I problemi dietro la scelta Usa​

Washington ha voluto mostrare l’unità e la compattezza del fronte atlantico nella sfida all’invasione russa. E la scelta dei tank a Kiev è sicuramente un messaggio non secondario nella logica con cui gli Usa si impegnano in questo conflitto. Ma dietro a questa mossa ci sono diversi problemi che inducono gli stessi statunitensi a mostrare una certa moderazione nelle aspettative su questo invio di carri.
Innanzitutto, dalla Casa Bianca continuano a ripetere che ci vorranno “molti mesi” prima dell’arrivo dei mezzi a Kiev e dintorni. Il Washington Post dava come possibile periodo di arrivo l’autunno, ma è probabile che la data possa anche slittare a fine anno. I funzionari statunitensi non hanno dato delle indicazioni precise sui tempi, ma appare chiaro che la fornitura di carri armati non sarà rapida né tantomeno “a cuor leggero”.

La questione dell’addestramento​

Gli analisti americani hanno più volte sottolineato che per questi mezzi occorre molto addestramento, cosa che gli ucraini necessariamente non possono avere, ma che risulta fondamentale per far sì che questi mezzi siano efficaci. Le forze di Kiev hanno certamente dimostrato di poter superare ostacoli imponenti – come conferma del resto l’andamento della guerra – ma questo non autorizza a pensare che alcune decine di carri male impiegati possano rivoluzionare le sorti di un’invasione realizzata da un esercito che, al contrario, conosce perfettamente i primi (molti) carri armati.

John Kirby, portavoce del Consiglio di sicurezza nazionale della Casa Bianca, ha detto che ci vorranno settimane solo per “definire i dettagli e iniziare a mettere in atto il regime di addestramento”. Poi inizierà il training vero e proprio, per il quale ci vorranno mesi e che dovrà essere composto sia di fasi per l’impiego operativo sia di addestramento per la manutenzione.
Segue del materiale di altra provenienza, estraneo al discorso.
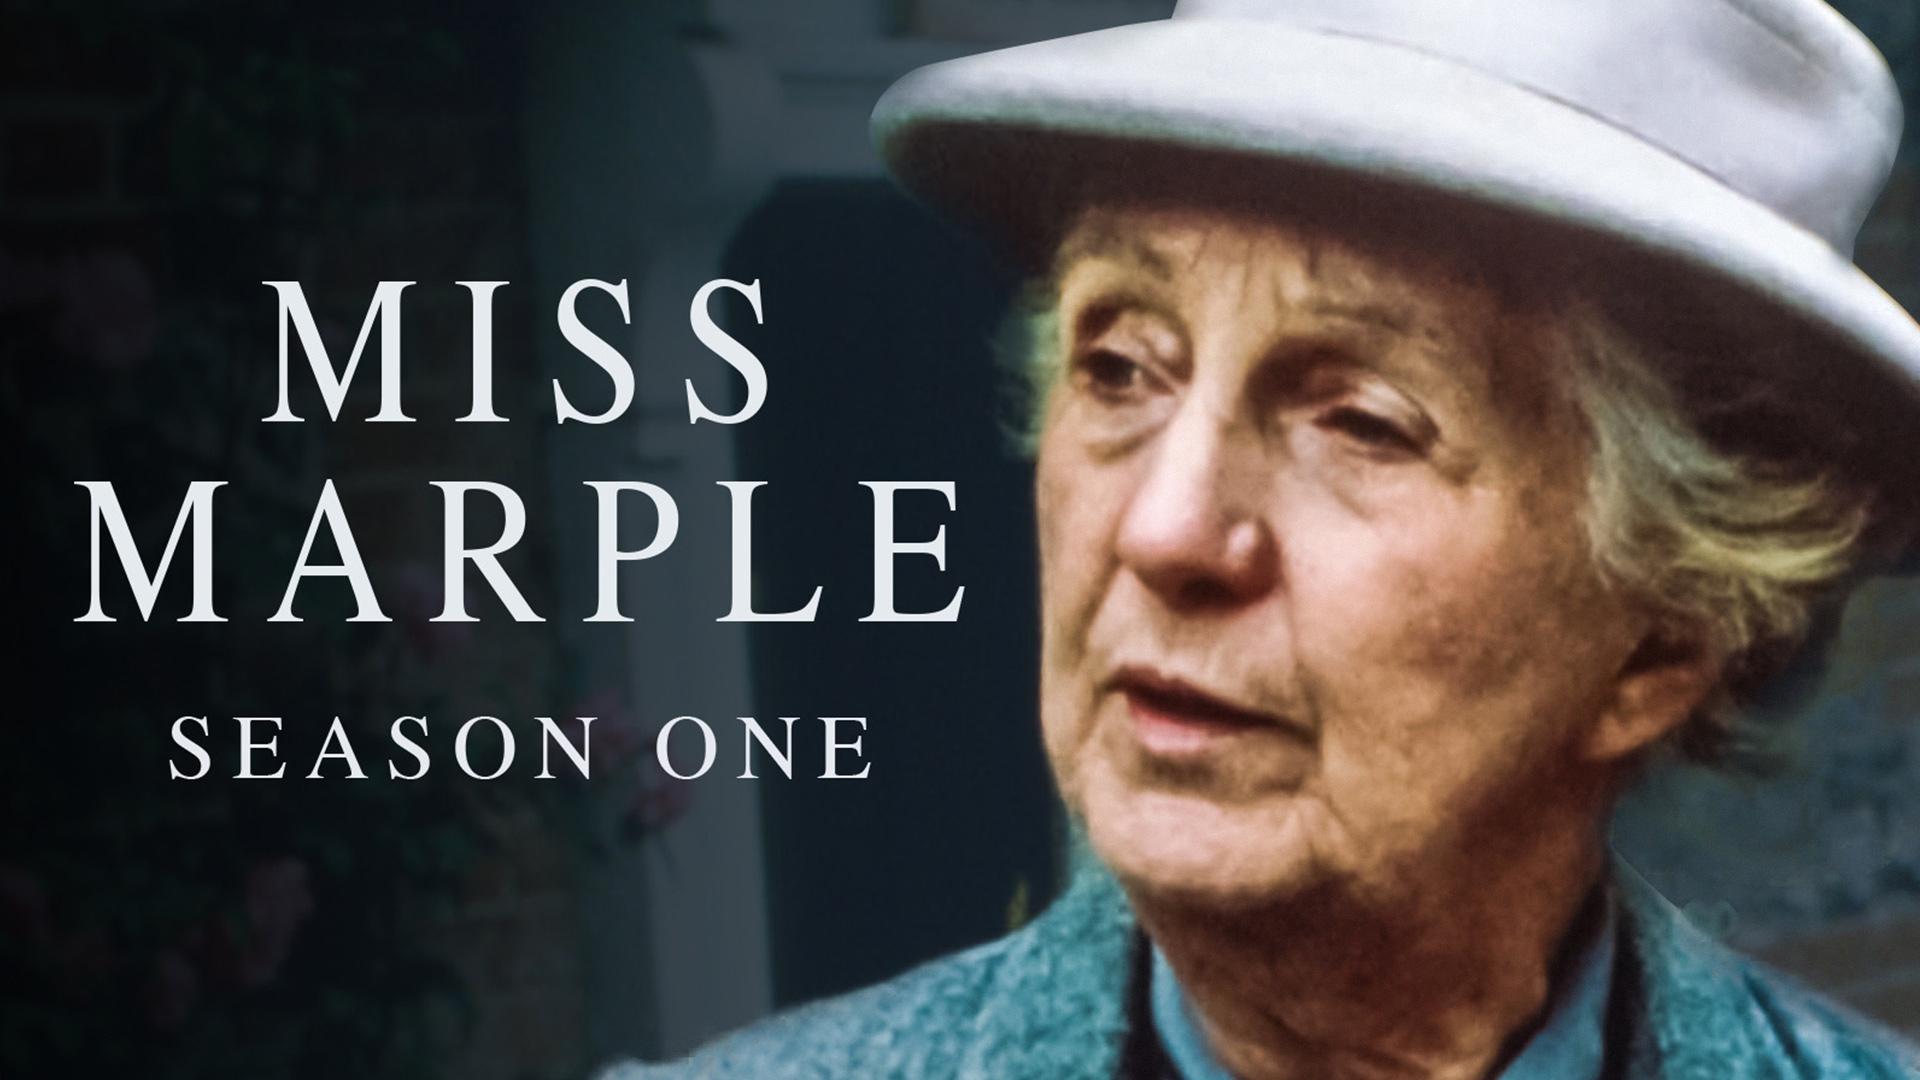 Miss Marple, Season 1

Il problema dei rifornimenti​

Il secondo tema – sottolineato anche da Newsweek – è poi quello del carburante. Inviare un carro Abrams significa infatti inviare un mezzo che si basa sul consumo di un’enorme quantità di carburante. Alcuni esperti sottolineano che l’ostacolo del tipo di carburante potrebbe essere superato dal fatto che i mezzi possono impiegare anche il cherosene comune usato dall’esercito statunitense.

Tuttavia c’è sempre il tema di avere un flusso di carburante adeguato, una rete che lo consegni in modo sicuro alle basi e soprattutto che la logistica si muova insieme ad essi anche lungo il fronte. In una situazione come quella ucraina in cui le forze Usa non sono presenti sul campo come avvenne per esempio nella Guerra del Golfo, tutto questo diventa molto complicato.

I rischi per la sicurezza​

Un altro tema è poi quello eminentemente legato alla sicurezza interna americana. Cosa che può sembrare secondaria nell’invio di un’arma per sostenere un alleato ma che non lo è in un meccanismo estremamente preciso come quello che combina industria bellica, intelligence e forze armate. Come analizzato dal portale The Drive, esistono diversi problemi legati alle componenti degli Abrams, dal momento che quelli utilizzati direttamente dai reparti dello Us Army sarebbero impossibili da esportare. Qualsiasi “breccia” nella rete di sicurezza – si pensi anche a uno solo di questi mezzi catturati o distrutti – può essere usata dai russi per studiare il mezzo e quindi analizzarne tutte le componenti secretate.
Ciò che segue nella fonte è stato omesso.